The first store opened in 1962 in Bentonville by a humble Sam Walton, who drove his old pickup truck around town and later, despite being a billionaire, stayed at budget motels or store managers’ homes when traveling.

Although he espoused that good ol’ boy charm and downhome goodness, Walton was a shrewd genius when it came to business. With his slogan, “Always the low price. Always,” Walton created the concept of one-stop shopping. Need groceries? Go to Walmart. Need toilet seats? Go to Walmart. Need vinyl Eagles albums or flat-screen televisions? Well, you know where to go.

Walton’s empire could have begun in Missouri rather than Northwest Arkansas. He had a chance to buy a Federated department store in St. Louis for $10,000. His wife, Helen, whom Sam married on Valentine’s Day in 1943, nixed that idea, saying a town of 10,000 was large enough for them.
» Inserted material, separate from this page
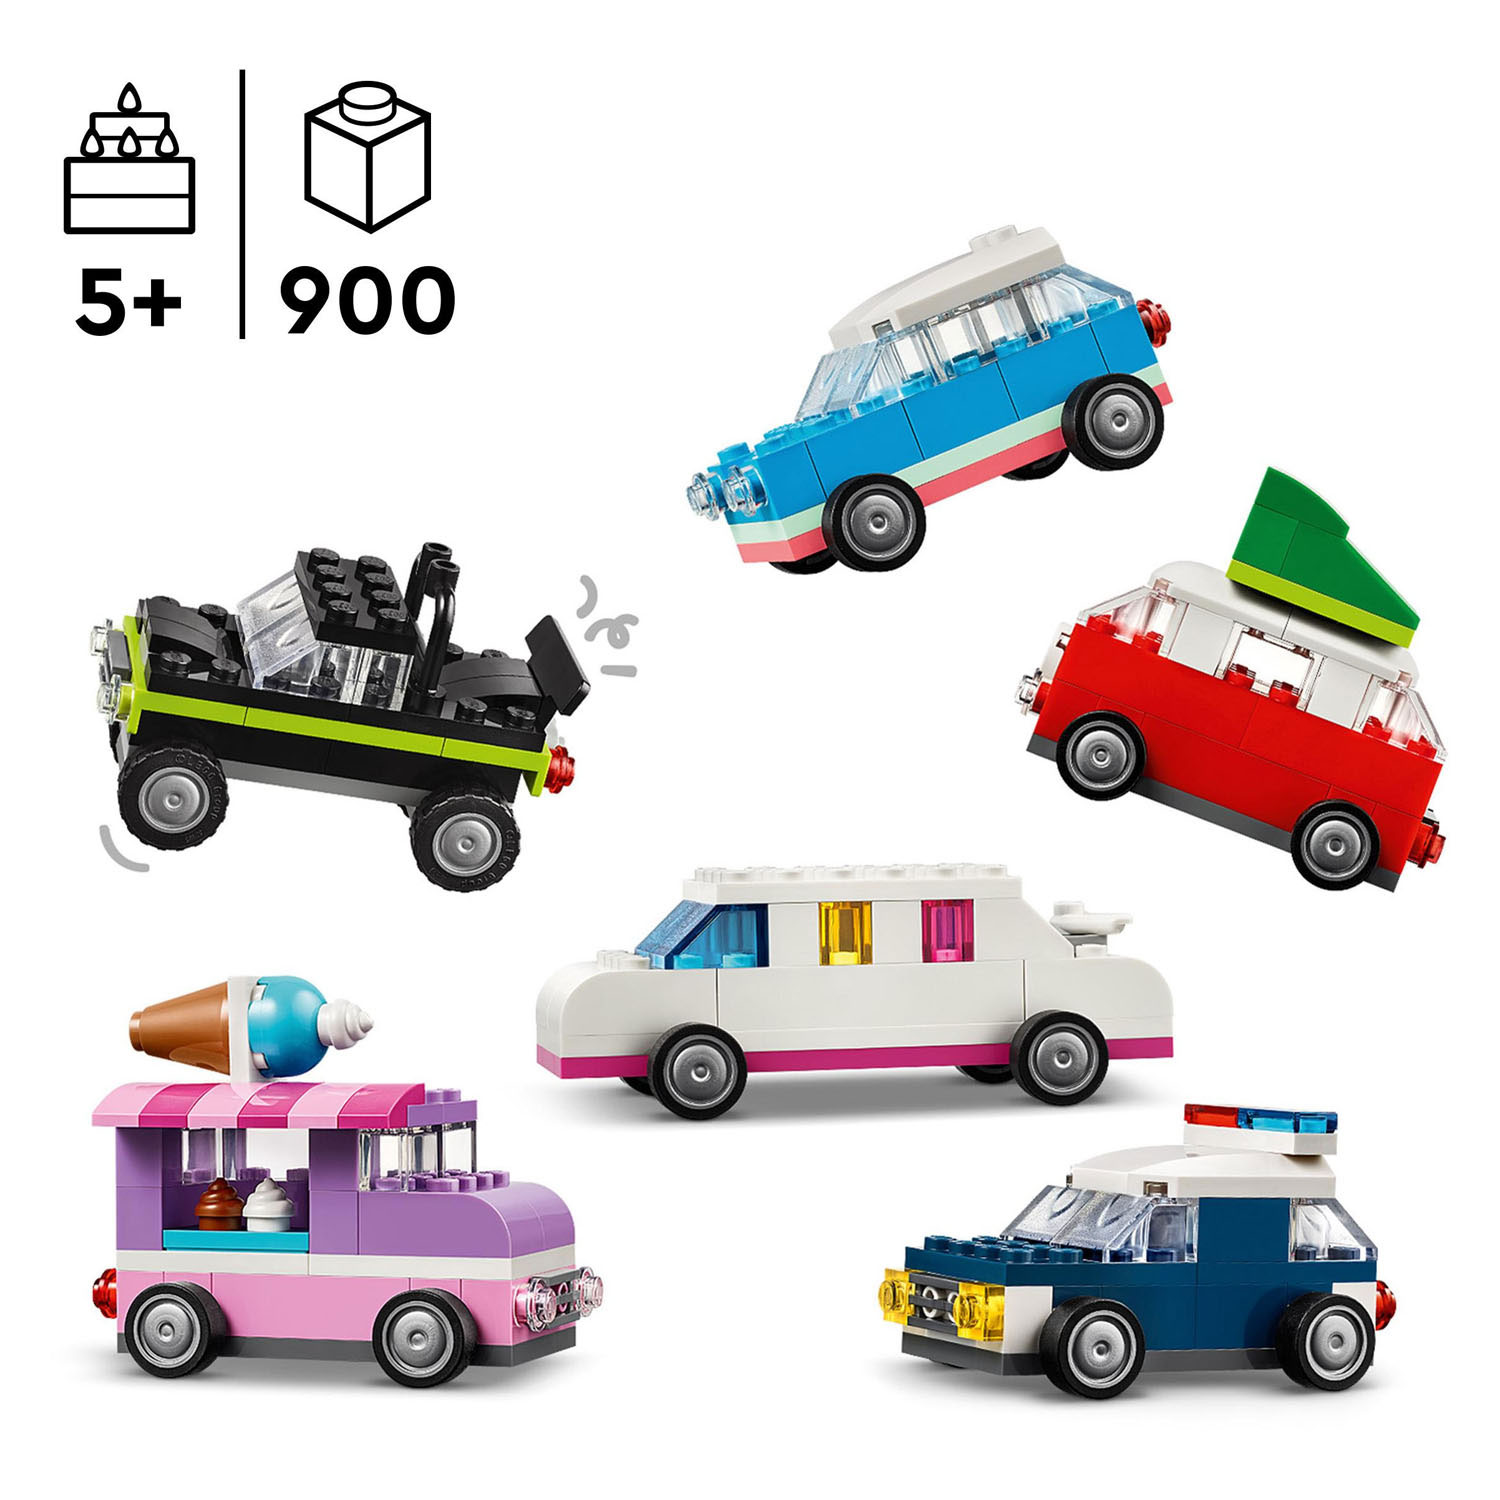 LEGO Classic 11036 Creatieve Voertuigen
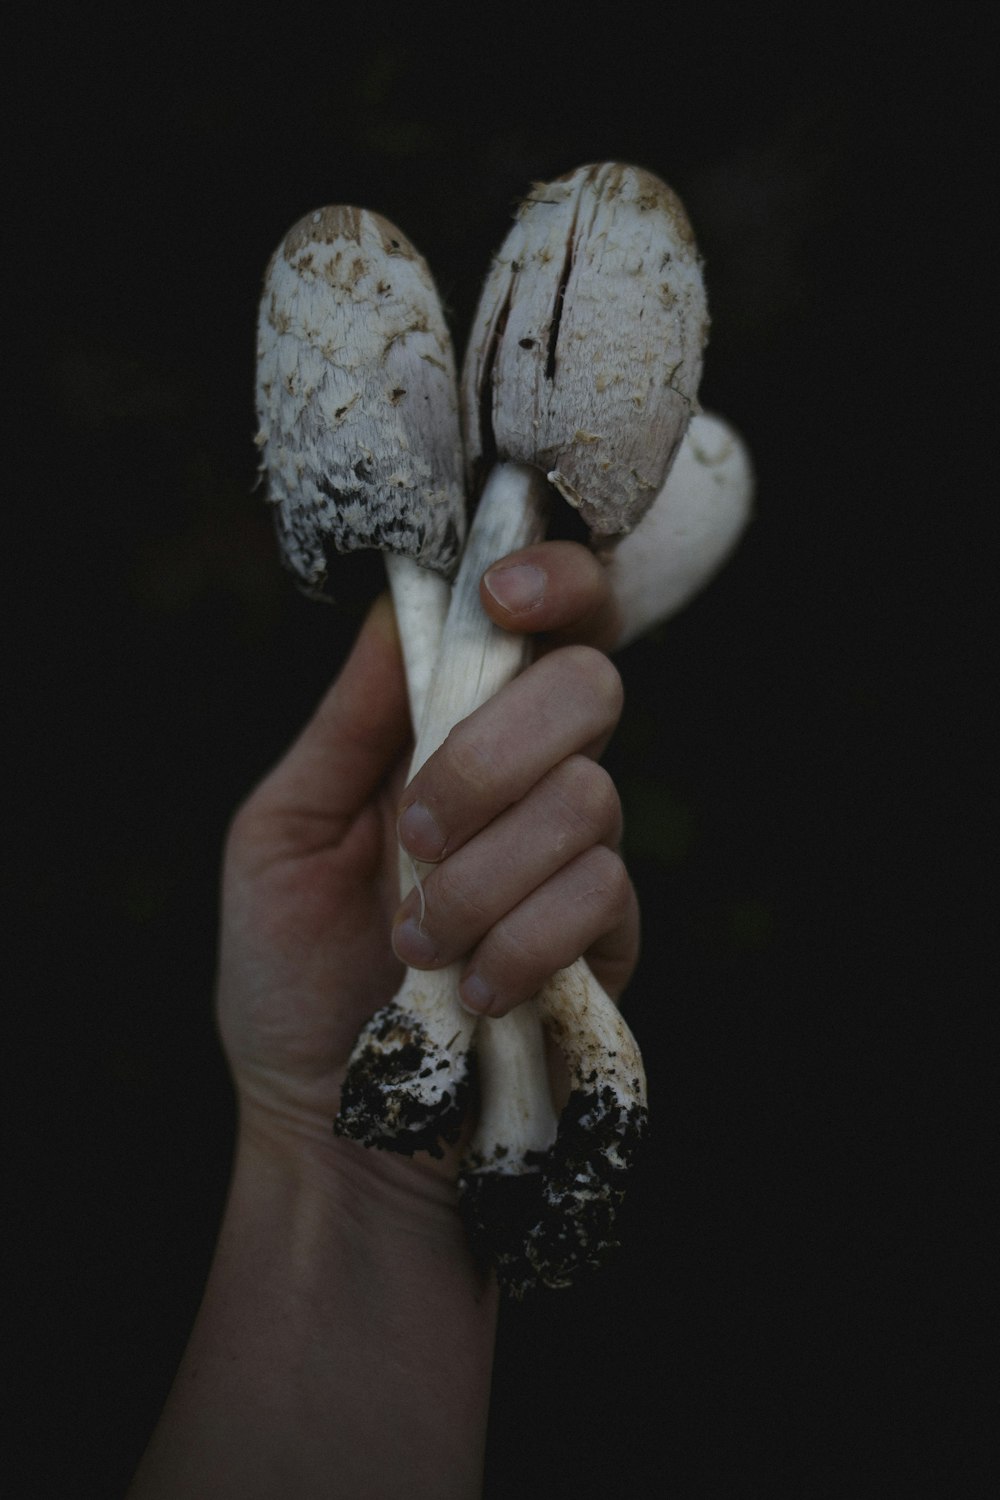 Person, die Pilz in der Hand hält

He bought a Ben Franklin store in Newport for $25,000 and took a two-week business course in Arkadelphia to learn the trade.

He decided to buy products directly from manufactures rather than through a company that increased his costs by 25 percent, Walton wrote in his 1992 book “Sam Walton: Made in America.”

He hitched a trailer to the back of his car, and after work he’d drive to Missouri and Tennessee to buy things.

“I’d bring them back, price them low and blow that stuff out of the store,” he wrote.

“Here’s the simple lesson we learned … which eventually changed the way the retailers sell and customers buy all across America,” Walton wrote of his early years in business. “I might only make half the profit per item, but because I was selling three times as many, the overall profit was much greater. In retailer language, you can lower your markup but earn more because of the increased volume.”

The idea worked. In his first year in Newport, his Ben Franklin store made $105,000, compared to $72,000 the year before. The next year, he earned $140,000 and then $175,000.

Walton’s landlord, who owned the Ben Franklin store building, didn’t renew Walton’s lease after five years, seeing the potential for profit for himself.

Walton considered opening a store in Siloam Springs, but opted instead for Bentonville where he bought the 4,000-squarefoot Harrison’s Variety Store. He hauled lighting fixtures from the Newport store in his truck, taking a dirt road around a weigh station in Rogers because he knew he was overloaded and didn’t want to pay extra fees.

He opened his first Walmart in Bentonville on July 2, 1962. Within five years, he owned 24 stores and earned $12.7 million. In 1972, he made $78 million, and in 1980 saw sales top $1 billion in his 276 stores.

Walton’s empire was criticized by people who thought his stores were putting the mom-and-pop stores out of business.

“Of all the notions I’ve heard about Walmart, none has ever baffled me more than this idea that we are somehow the enemy of small town America,” he wrote in his biography. “Nothing could be further from the truth: Walmart has actually kept quite a number of small towns from becoming practically extinct by offering low prices and saving literally billions of dollars for the people who live there as well as creating hundreds of thousands of jobs in our stores.”

Walton died on April 5, 1992, but his business legacy lives on. Walmart now has over 11,000 stores worldwide with 2.2 million employees and $572.75 billion in sales last year. It far surpassed Exxon Mobil as the largest company by revenue.

When looking back on some of the more cultural and lifestyle changing events of the past century, Sam Walton’s business idea for one-stop shopping has to be considered one of the most impactful. Whether you want food, clothing, household appliances, hardware, sporting goods or even Eagles albums, it’s all there under one roof.